What you need to do – What you return must be the data below, word for word, without any images.

Provided material –
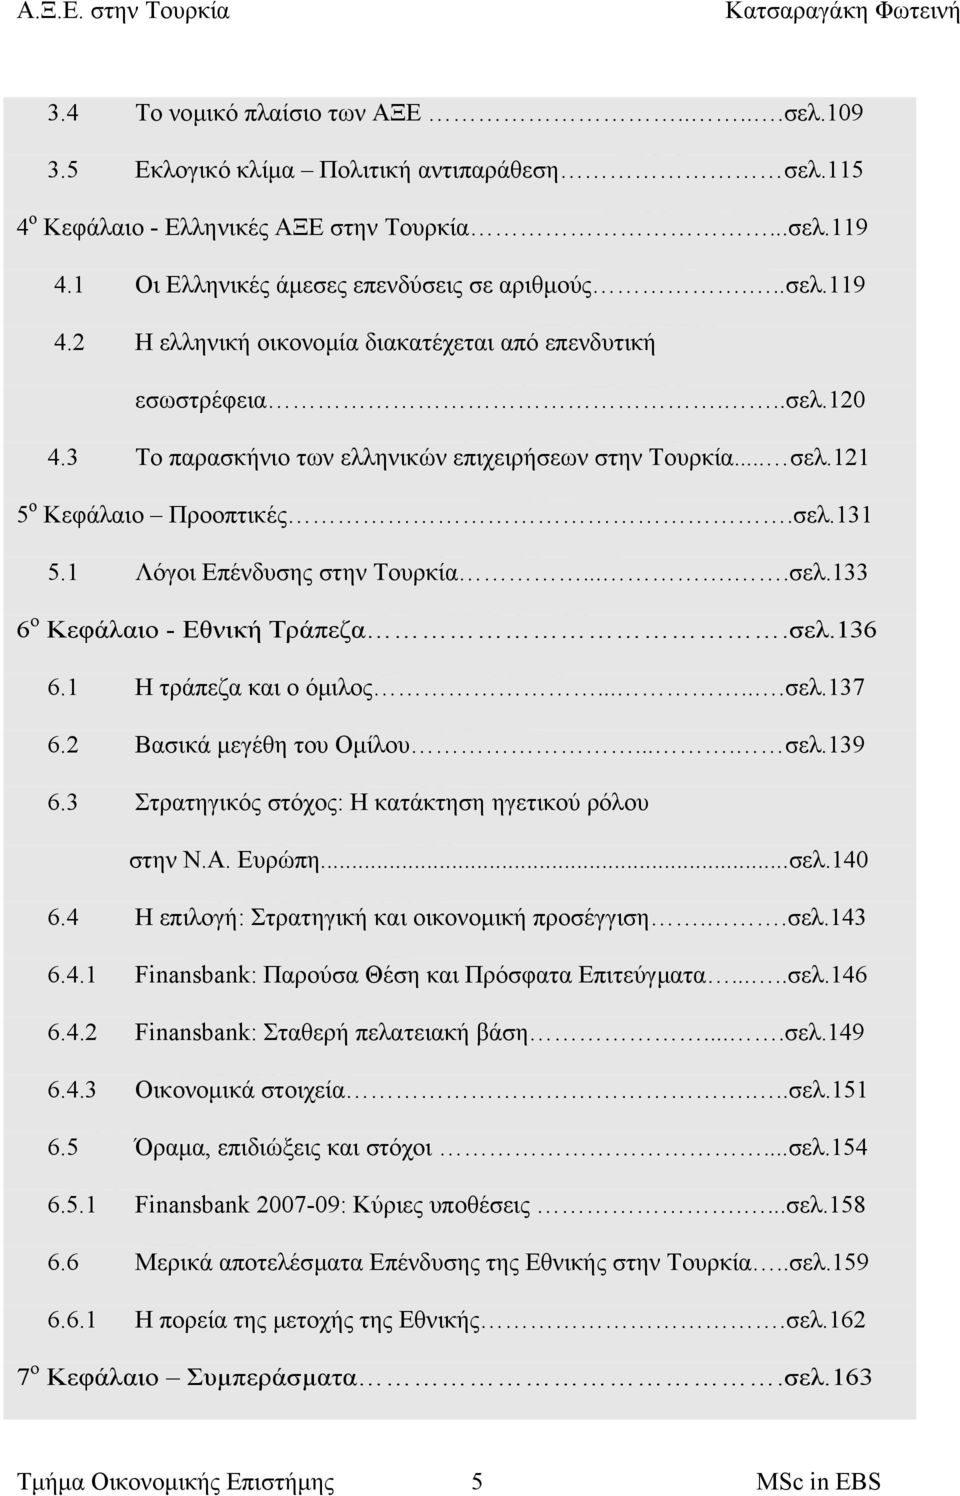 121 5 ο Κεφάλαιο Προοπτικές.σελ.131 5.1 Λόγοι Επένδυσης στην Τουρκία.....σελ.133 6 ο Κεφάλαιο - Εθνική Τράπεζα.σελ.136 6.1 Η τράπεζα και ο όµιλος......σελ.137 6.2 Βασικά µεγέθη του Οµίλου.... σελ.
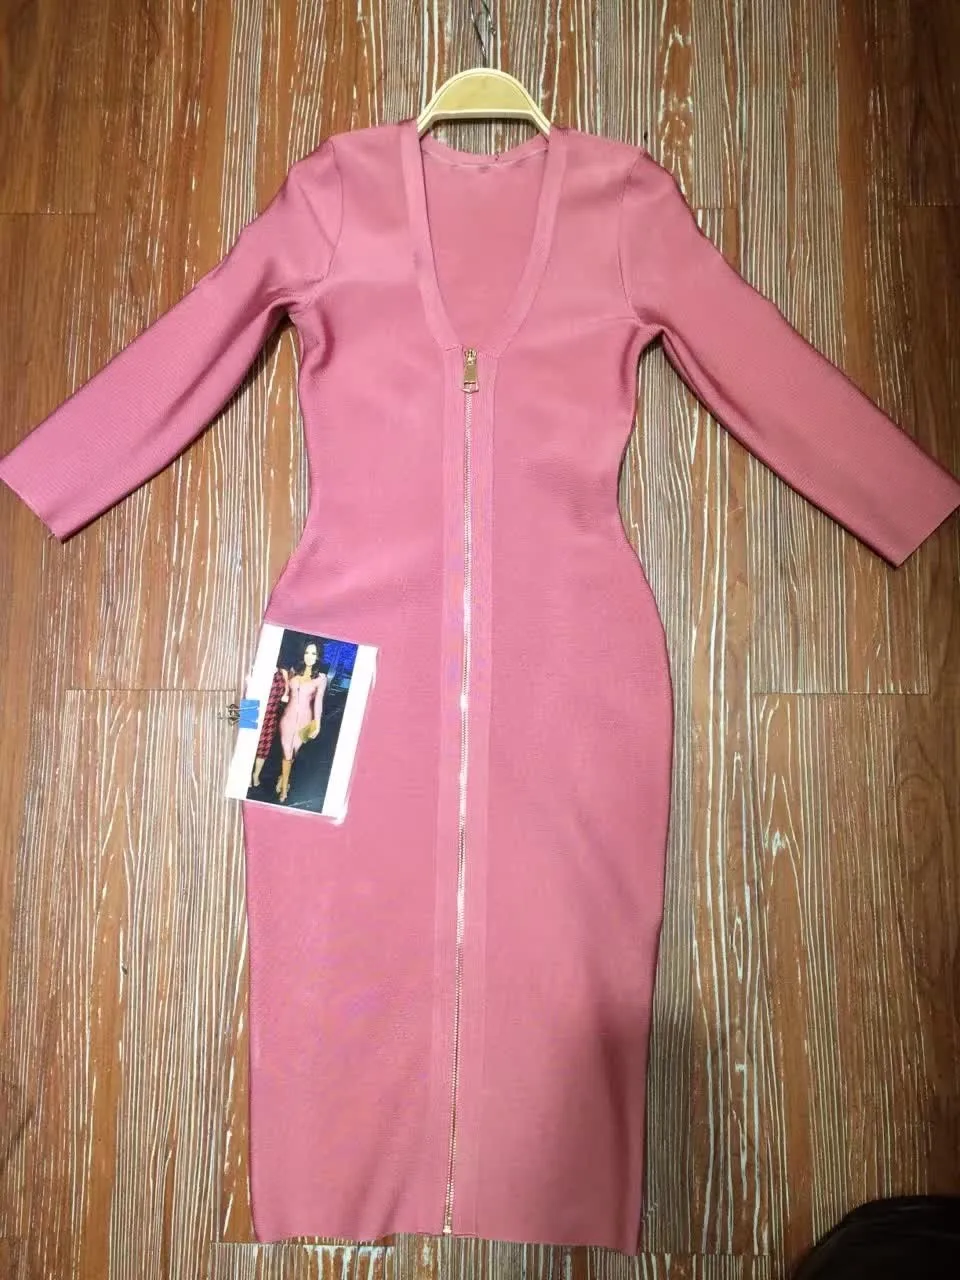 Высокое качество Новая мода сексуальные женские заводские платья розовый v-образный вырез с длинным рукавом на молнии спереди праздничное платье-повязка знаменитости
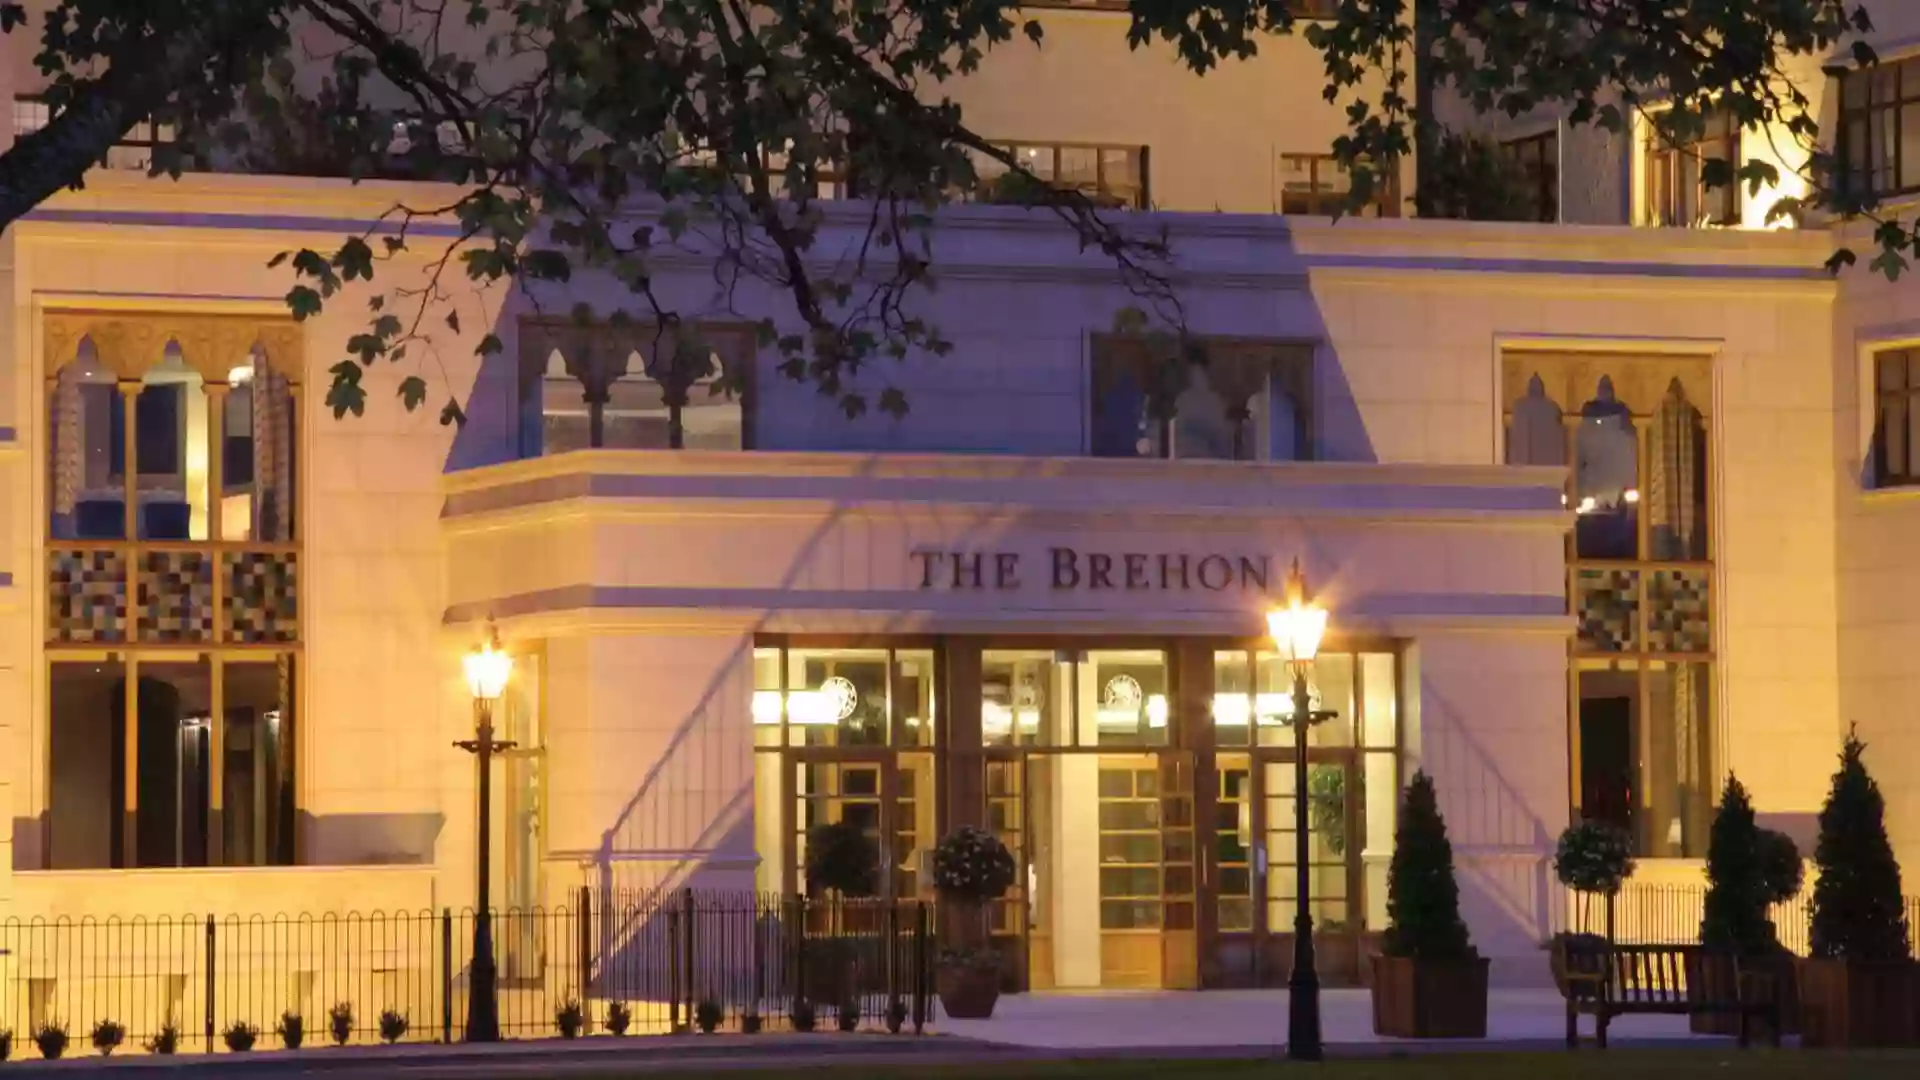 The Brehon Hotel & Spa

Answer area –
 121 5 ο Κεφάλαιο Προοπτικές.σελ.131 5.1 Λόγοι Επένδυσης στην Τουρκία.....σελ.133 6 ο Κεφάλαιο - Εθνική Τράπεζα.σελ.136 6.1 Η τράπεζα και ο όµιλος......σελ.137 6.2 Βασικά µεγέθη του Οµίλου.... σελ.
 Высокое качество Новая мода сексуальные женские заводские платья розовый v-образный вырез с длинным рукавом на молнии спереди праздничное платье-повязка знаменитости
 The Brehon Hotel & Spa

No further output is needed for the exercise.